(A
Manolo Marrero)
Un
manto de tristeza se abatió sobre la esquina de aquella mesa. Los
recuerdos se abren paso a medida que las palabras salen como un
murmullo apenas perceptible.
Las
sillas vacías que antes fueran asiento de risas y carcajadas, de
bromas y regates cortos parecen inclinarse sobre la memoria en el
afán de poner certeza de que no estamos ante un sueño. Y
ciertamente es una realidad.
No
suena el teléfono ni hay cartas de felicitación con su membrete.
Nada atrae a las entrañables conversaciones de lo más variopinto de
nuestra sociedad y los rincones de aquella empresa se llenan, en la
enredada tela de araña,- aún fresca-, de apretones de manos y
abrazos cordiales.
Recordar
es poner el corazón de nuevo en los momentos vividos.
El
carácter afable del anfitrión, su cercanía y amplia sonrisa se
adornaban con sus inquietas manos y el vaivén de sus piernas.
Este
año, como todos los pasados y venideros, finaliza con el recuento de
fechas para celebrar y otras para conmemorar.
Nos
resistimos al tránsito y preferimos entrar en un profundo sueño, en
la ausencia del dolor, en no molestar ni ser molestados pero
inevitablemente estamos abocados a despojarnos de esta suma de carne
y huesos.
Manolo
Marrero y yo compartíamos la proximidad de nuestras sillas en la
mesa que reúne mes a mes a tantos contertulios. Esquinados y cerca
de las puertas,-por aquello del humo de cigarrillos-, nos
divertíamos en la complicidad de nuestras vivencias de niños en
nuestro Puerto querido, en los años adolescentes futboleros y en el
reencuentro, tantos años ha, en la tertulia que hoy lleva su nombre.
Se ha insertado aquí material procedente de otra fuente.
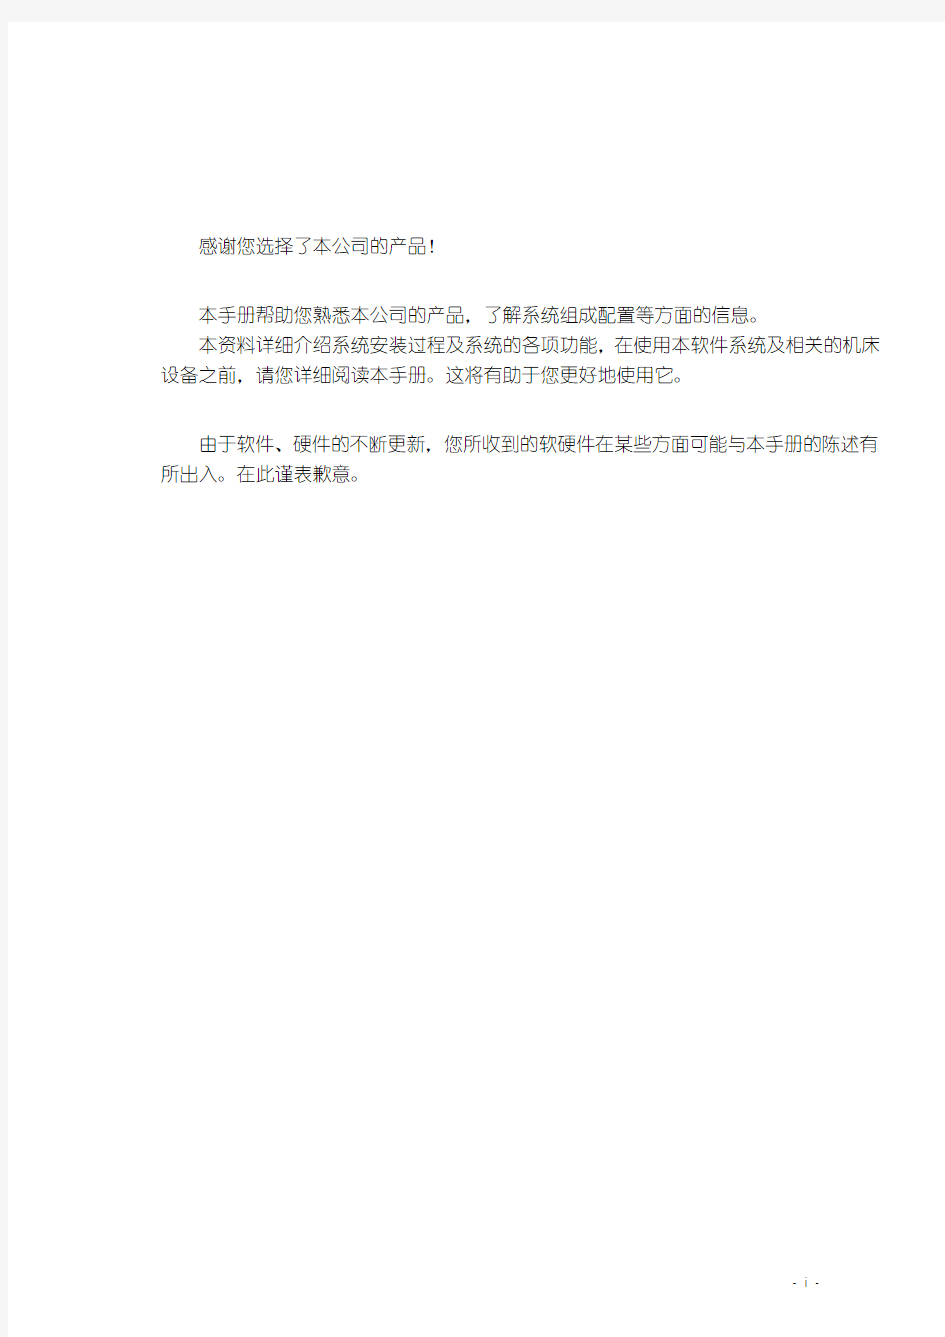 维宏数控运动控制系统(中文, V5_3_6 for luoke)用户手册

Bromeábamos con mi identidad palestina y canaria y así llenábamos
ese intransigente silencio inicial de los encuentros.
Sabía,
por esa condición de médico, que los días iban demasiado deprisa y
el irrefenable parón estaba muy cerca. Más no por ello, ni él ni
yo regateamos la alegría del encuentro en aquella habitación
plena del calor de sus seres más queridos.
¿Con
qué se puede llenar la ausencia? No merece la pena el intento de
colmar un agujero negro, antes al contrario, nos atrae con esa fuerza
imantada del afecto y nos entregamos sin resistencia a los momentos
del recuerdo más querido.
Que
sepas, mi querido Manolillo, de mi leal amistad, de mi sincero
sentimiento de cariño envejecido por el tiempo, acunado y
acrecentado en el fuego de tantas tertulias.
Aquellos
arrebatadores "incisos" se hicieron entre nosotros como una
majadería de lo más simpático y queda como banderín de enganche
de solemne juramento de los viejos y nuevos tertulianos.
Hace
años que la crisis económica en la que estamos instalados no
permitió los encuentros del treinta y uno de diciembre, aquellos
cócteles de magnífico gusto que reunía a tropecientas personas.
Convendría
que de ser el estómago una víscera agradecida te diera las gracias
pero no es el aparato gástrico quién se acerca a tu memoria sino el
cerebro y el corazón de quienes, como yo, invocamos los mejores
momentos compartidos en el más puro ejercicio de memoria.
La
silla de la esquina está vacía como tantas y tantas que lo estarán
en estos días entrañables en tantas otras mesas.
Sin
embargo, me atrevo a brindar por ti, por lo vivido y por lo que nos
reste de estar en este jueves.
Que
no nos amarguen los recuerdos. Conviene discernir qué tiempo pasado
hay que dejar atrás y cual no. Hoy esbozo una sonrisa.
Si,
una sonrisa, poniendo la memoria y el afecto en los momentos
vividos, recordándote amigo mío, Manolo Marrero.